DAL MONDO ECONOMICO, SCIENTIFICO, AZIENDALE E DAL NOSTRO "PENSATOIO"
Domenica - Febbraio 26, 2012 19:06     Visto:701     A+ | a-

DAL MONDO ECONOMICO, SCIENTIFICO, AZIENDALE E DAL NOSTRO "PENSATOIO", ABBIAMO SCELTO PER VOI :
 
√ In regalo per voi : «Se…». L’Italia del dopoguerra è stata una straordinaria fucina di uomini particolari che tutto il mondo ci invidiava e che hanno dato alla figura dell’imprenditore il suo carattere mitico, romantico, controverso ma anche carismatico ed emblematico di cosa dovesse significare «classe dirigente» in una società in veloce trasformazione. A cosa si ispiravano questi uomini quando non esistevano né libri di management né consulenti strategici e la loro stessa cultura di base lasciava spesso a desiderare ? Questo documento sintetizza con incredibile semplicità e profondità ciò che Luigi Einaudi consigliava agli imprenditori dell’epoca che erano nel bene e nel male autentica classe dirigente. Abbiamo motivo di ritenere che i Borletti, i Borghi, i Bassetti, i Pirelli, gli Agnelli, i Rizzoli, i Mattei, i Merloni, e tanti altri abbiano costruito i loro imperi e abbiano fatto cultura (l’impresa è cultura) interpretando in modo appassionato, convinto e assolutamente completo queste indicazioni frutto di una intelligenza e intuizione che possono e devono essere fonte di ispirazione più oggi che in passato. Più sugo in queste due paginette che in tanti pretenziosi MBA attuali. Chiedere in segreteria.
 
√ Meritocrazia , 2 - Il termine «differenziazione» nella gestione del personale è stato coniato da Jack Welch , ex Ceo della GE.  Nella sua mente sta ad indicare il chiaro concetto che i rendimenti delle persone sul lavoro non sono tutti uguali e che se c’è da spartire qualcosa oltre la paga contrattuale questa «partecipazione» all’utile aziendale deve essere fatta tenendo conto del merito individuale secondo un criterio riservato alla valutazione soggettiva del datore di lavoro. Per gestire in questo modo limpido e coraggioso, nel nostro Paese ci vuole un cuore da leoni e soprattutto tanta voglia di cercarsi delle grane (si pensi solo ai piagnistei di chi viene “differenziato” in senso negativo). Per questo non lo fa quasi nessuno ma è un errore perché i soggetti migliori (cioè i più utili all’azienda) non vedendo riconosciuti i loro sforzi alla fine tirano i remi in barca e l’azienda soffre di più che non avendo scontentato i mediocri. Si tratta in fondo solo di assumere una posizione chiara e trasparente: la meritocrazia fa scorrere un po’ di sangue all’inizio poi, capito il vento che tira, viene accettata semplicemente perché è giusta (purché sia giusta!). Per rincuorare i capi azienda titubanti non troviamo di meglio che diffondere questa testimonianza del signor Michelin, storico e famosissimo imprenditore:
 
«Nei primi tempi osservavo tra gli operai alcuni  che erano una vera élite.  La loro devozione mi era stata così utile ai nostri inizi ossia in un’epoca nella quale le difficoltà superavano di gran lunga i benefici,  che mi risolsi a compensarli quando vennero anni migliori. Poiché essi avevano lavorato più di quanto mi dovessero per la loro paga, ritenni giusto di dover dar loro  più della loro paga. Perciò fondai la partecipazione agli utili. 

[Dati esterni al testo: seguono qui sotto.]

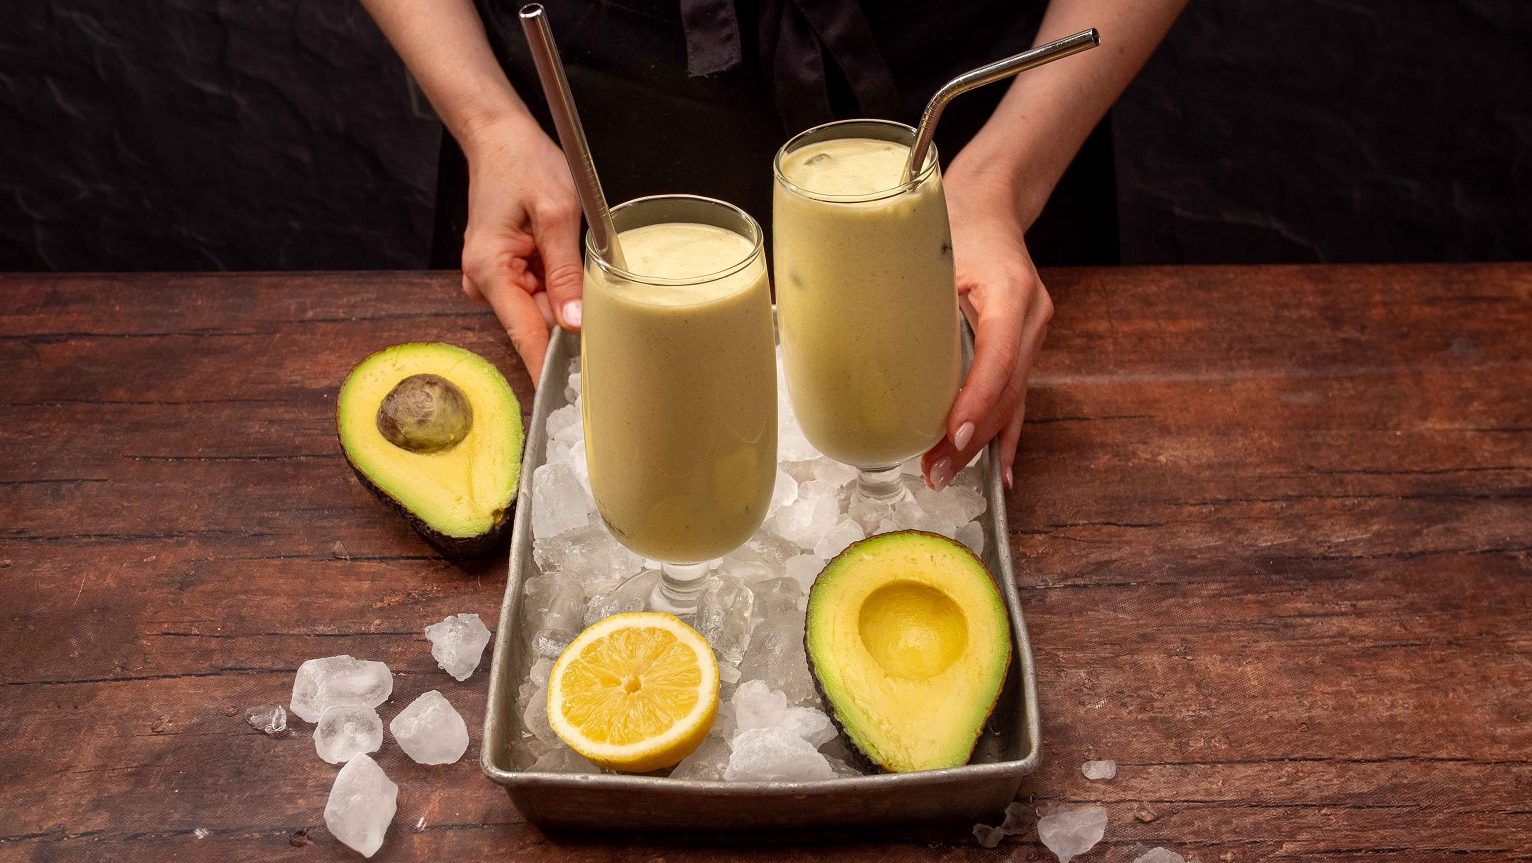 Two glasses of creamy drinks on iced tray with lemon and avocado halves.

Sapevo che essi prendevano a cuore in tutto l’interesse della casa e che essi, al par di me, volevano fabbricare il miglior pneumatico possibile. Essi curavano di evitare lo spreco delle merci e delle materie prime e di ben utilizzare gli strumenti di lavoro, perché capivano che in ciò sta una gran ragione di grande economia, e seguivano  con la maggior attenzione le consegne loro date, in modo che il  loro lavoro  fosse sempre perfettamente eseguito. Se essi reputavano vantaggioso modificare una maniera di lavorare o cambiare una macchina, lo dicevano ai capi, e li avvertivano quando qualche cosa non andava bene nelle gomme, nelle tele e nelle altre materie prime. E se capitava loro di commettere uno sbaglio, invece di nasconderlo e di dirsi: tanto peggio, non se ne accorgeranno!, segnalavano la cosa ai loro capi affinché la fabbricazione non ne soffrisse. Per essere un buon partecipante agli utili, bisogna essere come costoro. Ci tengo ad affermare che se un uomo non ha tutte queste qualità, se egli non dà al lavoro una cura continua, se egli cerca di cavarsela , se egli  non  pensa: “Io voglio che il mio lavoro sia ben fatto”, costui non è degno di diventare e neppur di continuare ad essere un partecipante agli utili. Vennero operai da me dicendomi: “Ho sei anni di presenza, dovrei essere un partecipante”. S’ingannavano. La partecipazione non è fatta  per premiare  l’anzianità. La partecipazione agli utili è riservata agli uomini intelligenti e coscienziosi che ci aiutano con tutte le loro forze a far sì che il pneumatico  Michelin sia sempre  il miglior pneumatico del mondo».
 
√ Comunicazione, 1- In definitiva tutta la comunicazione aziendale si riduce ad un solo ruvido    concetto : le persone devono sapere, con il minimo scarto possibile, quello che voi avete in testa.